The boy watched her go and said, still looking at her, “You know what?  She thinks I’m real!  She thinks I’m real!”

That’s what Paul is telling us that God has done for us in Christ, in the opening lines of his letter.  We walk away from an encounter with Christ, as all the people did that we read about in the gospels, and we say, like the boy, “He thinks I’m real!.”  Don’t you imagine that’s also what Paul discovered when God got ahold of him on that road to Damascus, as well.  The Lord thinks you’re real.  And affirms that story to you, in any way he can; not the story we tell ourselves about who we think we are.

That’s our work as well, is it not?  We’ve been enriched with all knowledge and speech, says Paul.  It’s not knowledge, like book knowledge.  It’s not speech, like a politician speaks.  It’s knowledge of what’s in people’s hearts.  It’s an understanding of what they need to hear.  It’s the ability, once we get that insight, to say the right thing at the right time, so they go away from us, like the little boy, amazed.

I think another part of what the boy discovered, as we have also discovered through Christ, is that when you understand that God thinks you’re real, and you see yourself as real, others will see you as real too.  Christians, like the waitress, have the power, through knowledge and speech, to help others see what they already have and what can happen when they see it too.

The other characteristic that I want to highlight from our list of seven has to do with answering the question, “Am I being an effective Christian?  How can I know?”  I think from what Paul has written to the Corinthians, you may not be able to know the answer to those questions on your own.  You have to have someone else tell you if you are or not.  That’s one of the purposes of the Christian community.

At verse six, Paul writes, “...the testimony to Christ was confirmed among you...”  The Message Bible has:  “The evidence of Christ has been clearly verified in your lives.”  Part of what Paul is saying here is that when he went around the city of Corinth, and preached the Good News of Christ, his job was made so much easier because all he had to do was point to those who had already become believers.  “Look at this group of folks, here,” he tells his listeners.  “See the changes in their lives.  See how the decision they have made has affected the way they now choose to live and what a difference it’s made.”  If those changes had not really happened, or were not visible at all, Paul would not be able to use the Corinthian Christians as an example of what Christ has “confirmed” and “verified” in them.

Let me put it another way, using the example of how snowflakes are made.  We’ve all had an experience with snow this week.  Here’s a little fact about how snow is made.  Scientists used to think that snowflakes were made when a microscopic piece of dust trapped a molecule of water vapor.  Super cooled air would then generate an ice crystal to grow around the dust particle, and voila! a snowflake.

But, what they found out was that there was never any speck of microscopic dust in any of the snowflakes.  Dr.

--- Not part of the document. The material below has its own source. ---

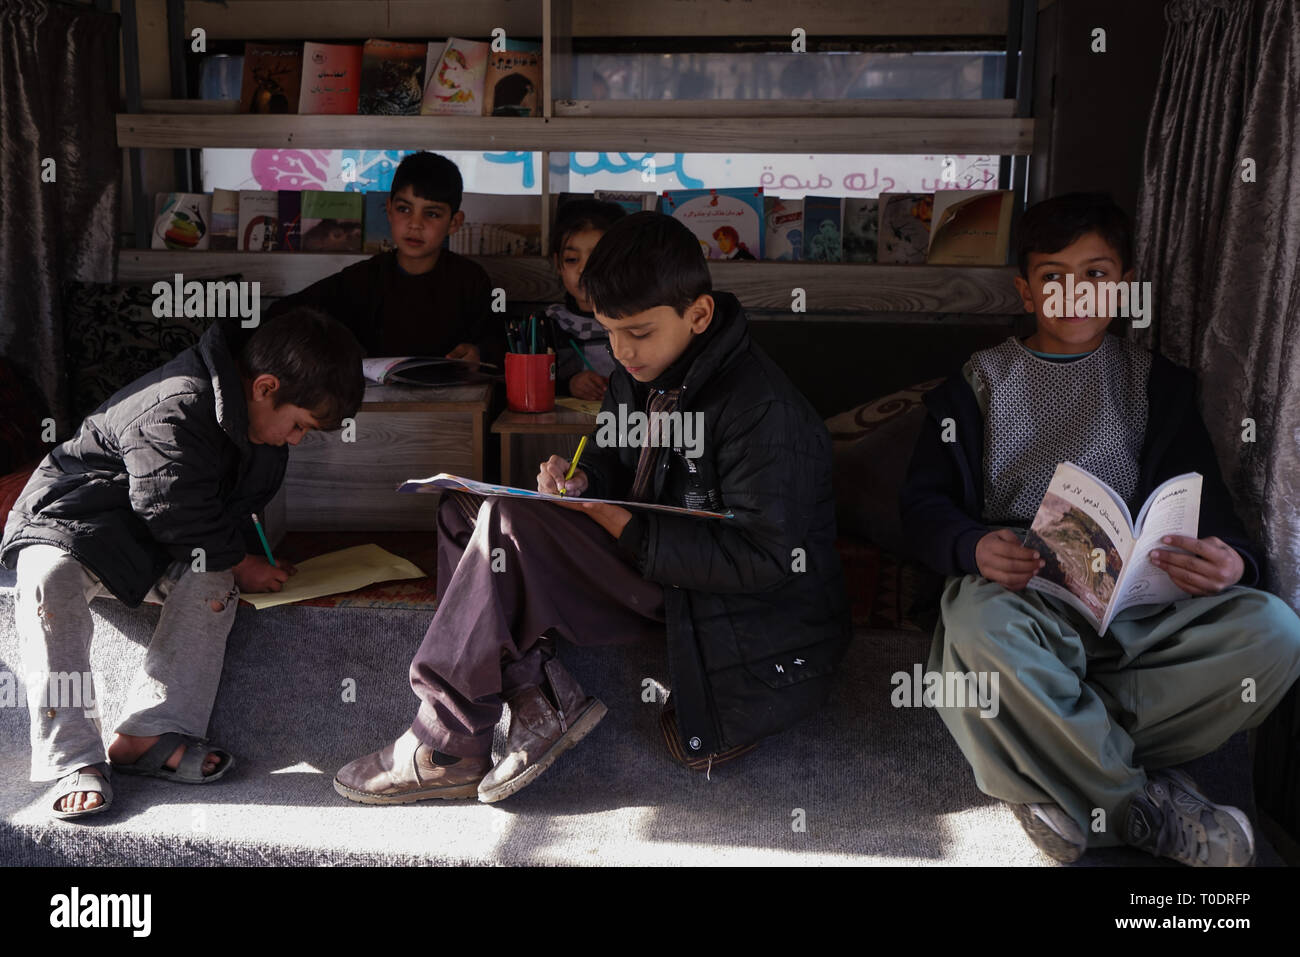 Kabul la biblioteca mobile - La Charmaghaz (noce) Progetto che esegue questa libreria mobile, iniziato nel febbraio dello scorso anno e ben presto divenne un regolare vista attorno alla città. Ogni giorno, il bus visite fino a quattro comunità in tutta Kabul, con ogni arresto della durata di due ore. "L'obiettivo principale della biblioteca mobile è quello di promuovere il pensiero critico, che crediamo non sia promosso nel nostro sistema di istruzione o la nostra società", ha detto Freshta Karim, il 26-anno-vecchio fondatore del progetto Charmaghaz. Foto Stock
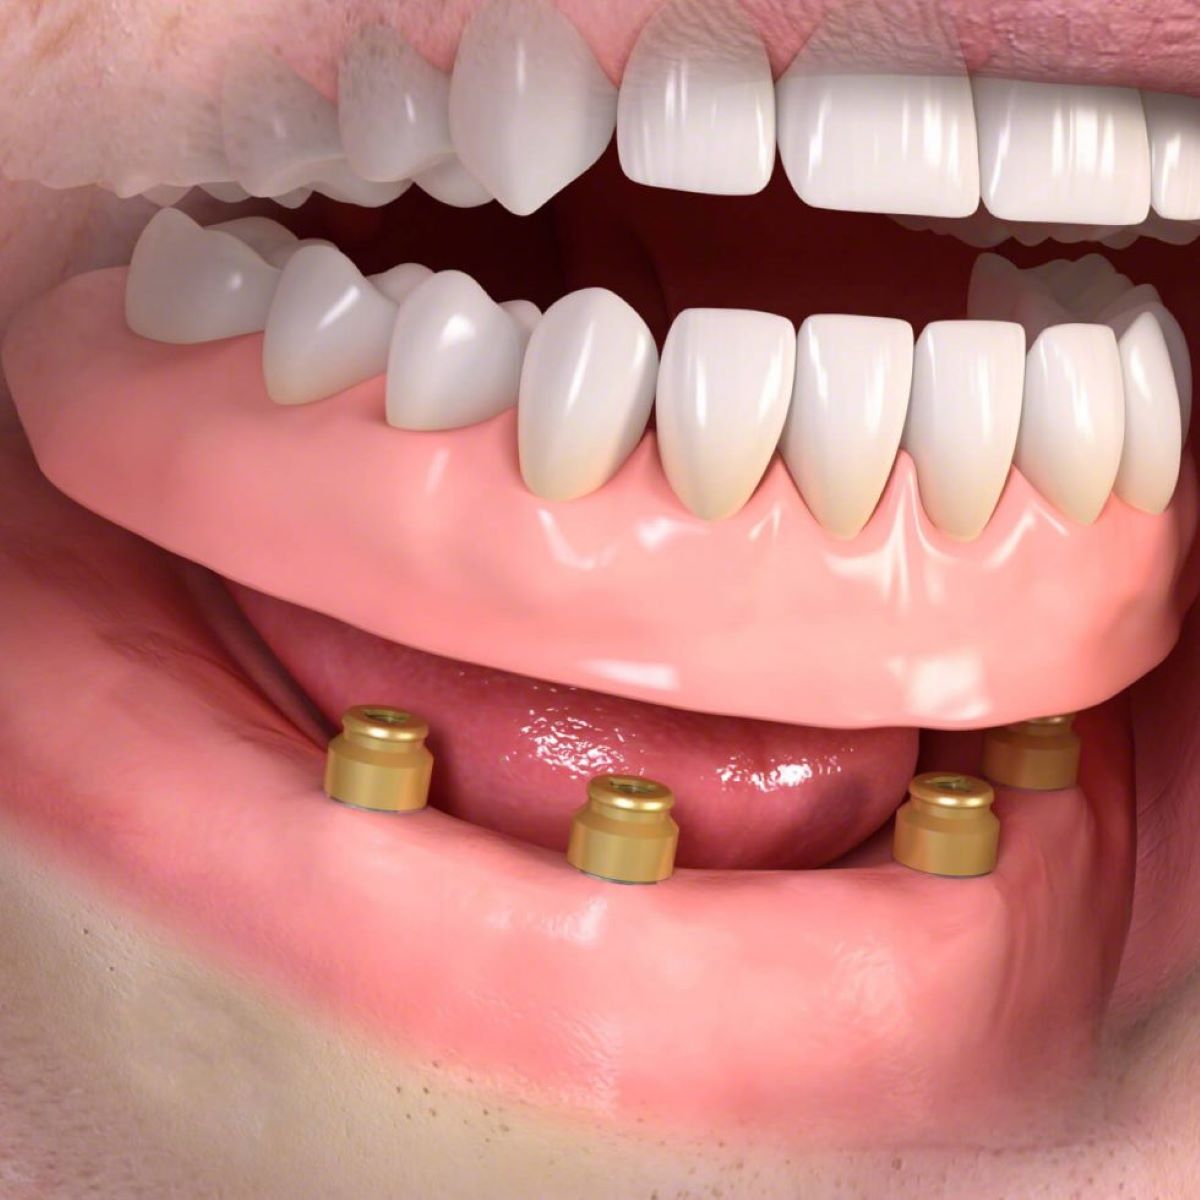 a szájpadlás nélküli fogsor fogimplantátumok beültetésével valósítható meg

John Hallet, a physicist at the University of Nevada, has discovered that when a cloud begins to produce snow, there’s a very little amount.  As those snowflakes are being formed, the extremely cold air causes the snowflake to break up into smaller parts.  The small fragments then act as “seed” flakes, growing larger as they fall, breaking up, and starting all over.  In other words, it takes snow to make snow!

That’s what Paul is telling the Corinthian Christians.  “Once Christ was confirmed in you, you acted as the seed Christians, off of which I can attract and grow other Christians.  They, in turn, will help create other believers, and the church will grow!”  Paul needed Christians to make other Christians.  Paul was telling the believers they could know they were effective in their faith, because of what he was able to accomplish because of them.  As a result, Paul can say, “I give thanks to God always for you...”


This is who we are as Christians, and as a church.  This is what we have been given by God to use in the various ways we bear witness to our belief in Christ.  We, therefore, have nothing to fear, as we await the return of our Lord.  Come, Lord Jesus.